ADF Stationarity Test
To determine if a time series is stationary, we run the time series on a Augmented Dickey-Fuller test which tests the hypothesis that there is a unit root present in the time series. The idea is that if the time series has a unit root (null hypothesis), it is therefore dependent on the root and not times series, making it non-stationary. However, if it does not have a unit root, it only depends on time, it is therefore stationary.
from statsmodels.tsa.stattools import adfuller
import pandas as pd
import numpy as np
stock_data = pd.read_csv('stock_price.csv', parse_dates=['ts'], index_col=['ts'])
stock_data.head()
| ts | closed_price |
|---|---|
| 2012-03-15 | 57.24 |
| 2012-03-16 | 57.14 |
| 2012-03-19 | 56.55 |
| 2012-03-20 | 55.79 |
| 2012-03-21 | 55.99 |
Running the ADF Test
test_statistic, p_value = adfuller(stock_data)[:2]
test_statistic, p_value
(-0.7170386326564675, 0.8422866474115657)
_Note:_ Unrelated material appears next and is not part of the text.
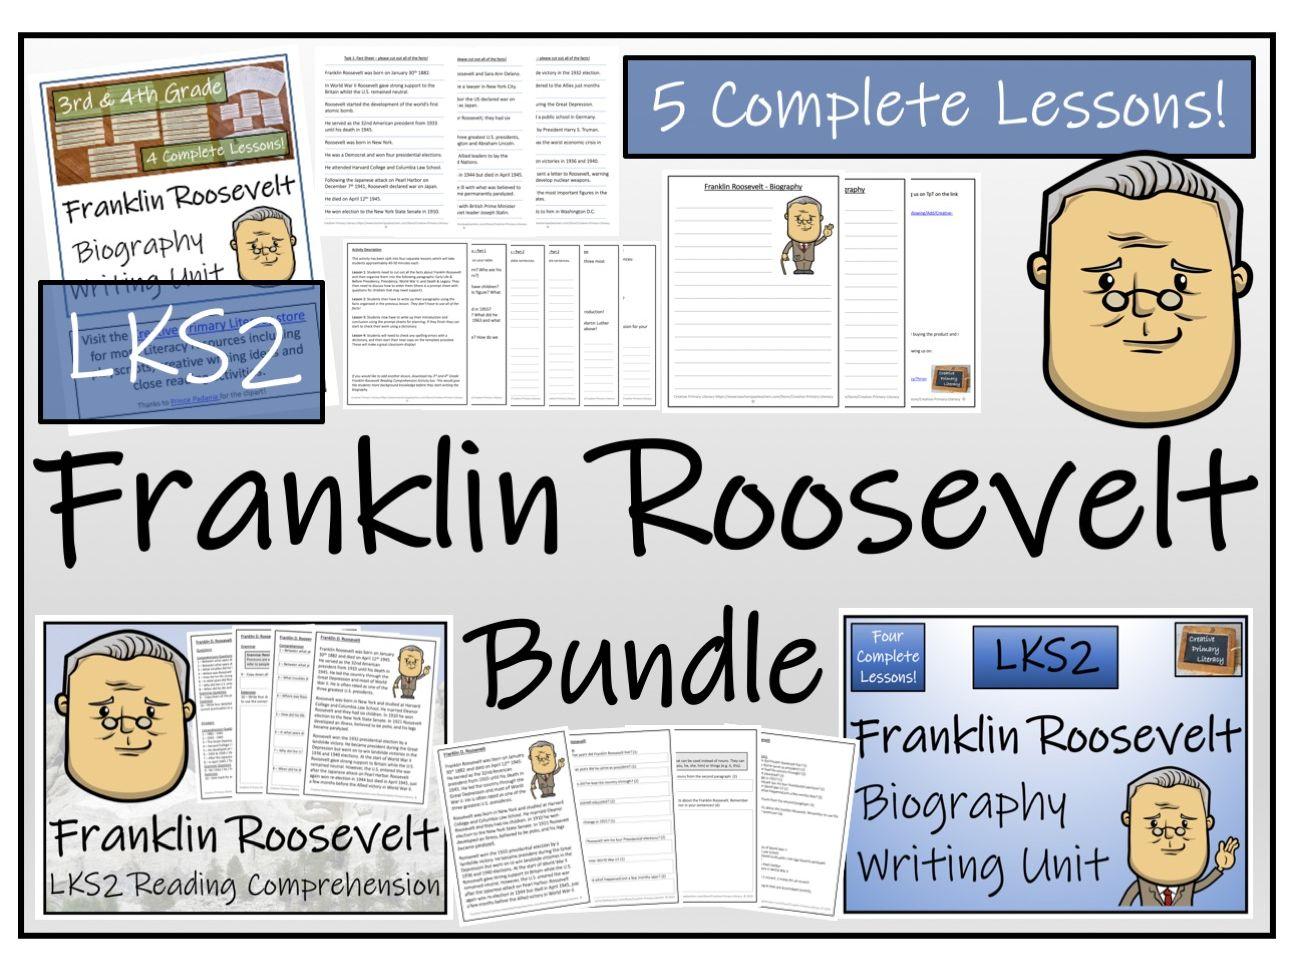 LKS2 History - Franklin Roosevelt Reading Comprehension & Biography Bundle

In this case, the p-value is $>.05$ which tells us that the time series is not stationary. In this case, transformation on the original dataset is necessary.
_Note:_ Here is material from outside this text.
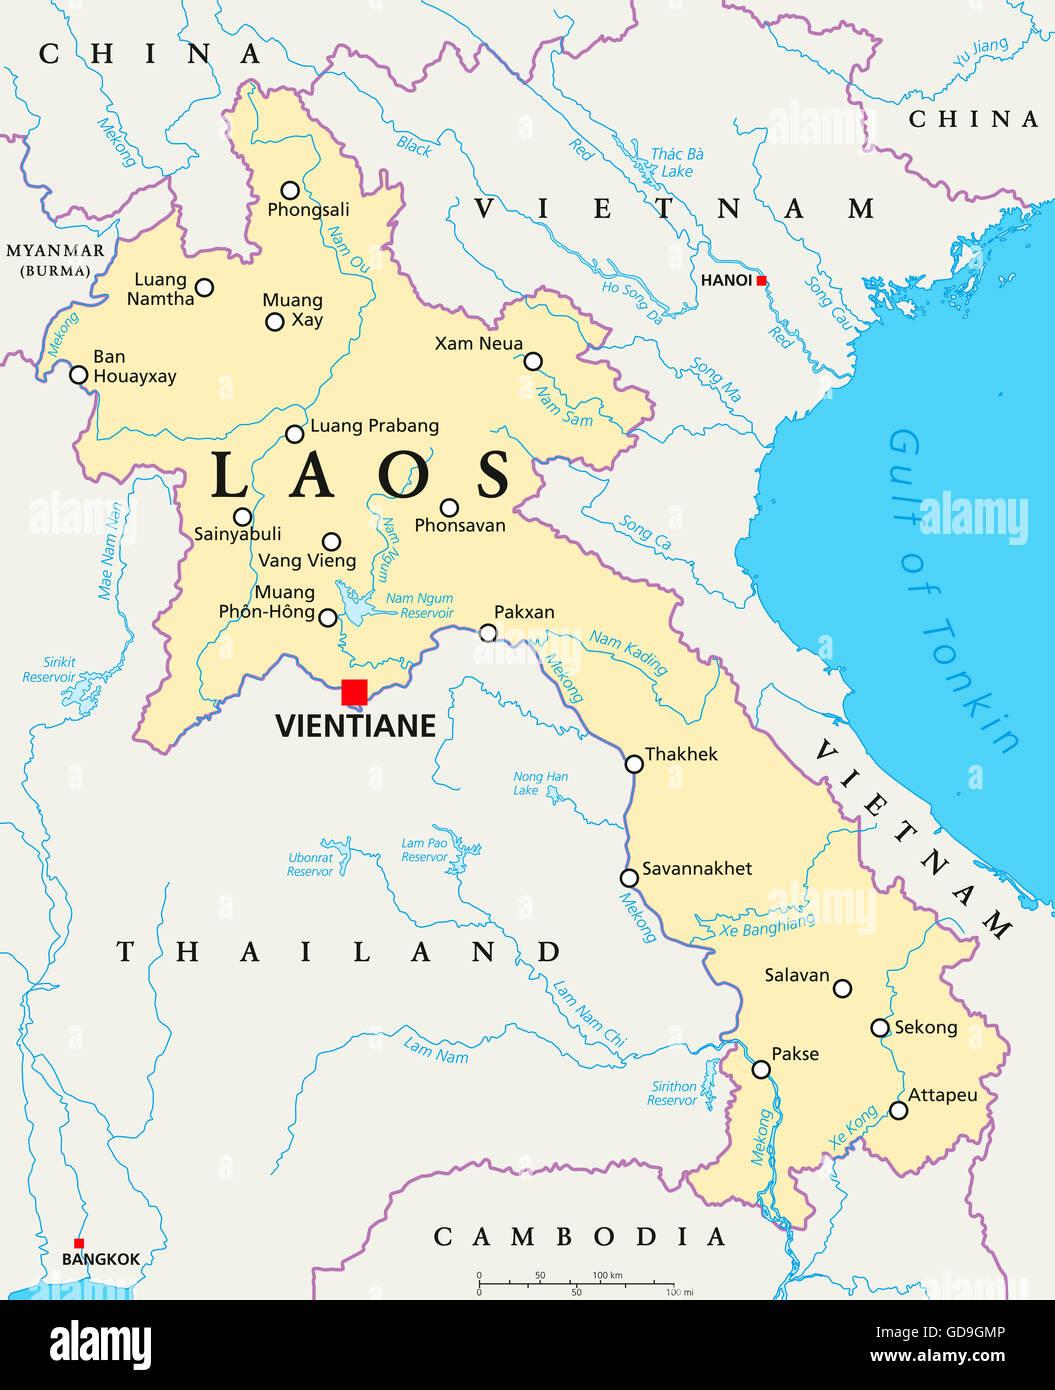 Thailand Political Map Capital Bangkok Stock Photos Thailand

stock_data['diff_lag1'] = stock_data.close_price.diff()
stock_data.head()
| ts | closed_price | diff_lag1 |
|---|---|---|
| 2012-03-15 | 57.24 | NaN |
| 2012-03-16 | 57.14 | -0.10 |
| 2012-03-19 | 56.55 | -0.59 |
| 2012-03-20 | 55.79 | -0.76 |
| 2012-03-21 | 55.99 | 0.20 |
test_statistic, p_value = adfuller(stock_data['diff_lag1'].dropna())[:2]
test_statistic, p_value
In this case, the p-value is $<.05$ which tells us that the differenced time series at $lag=1$ is stationary.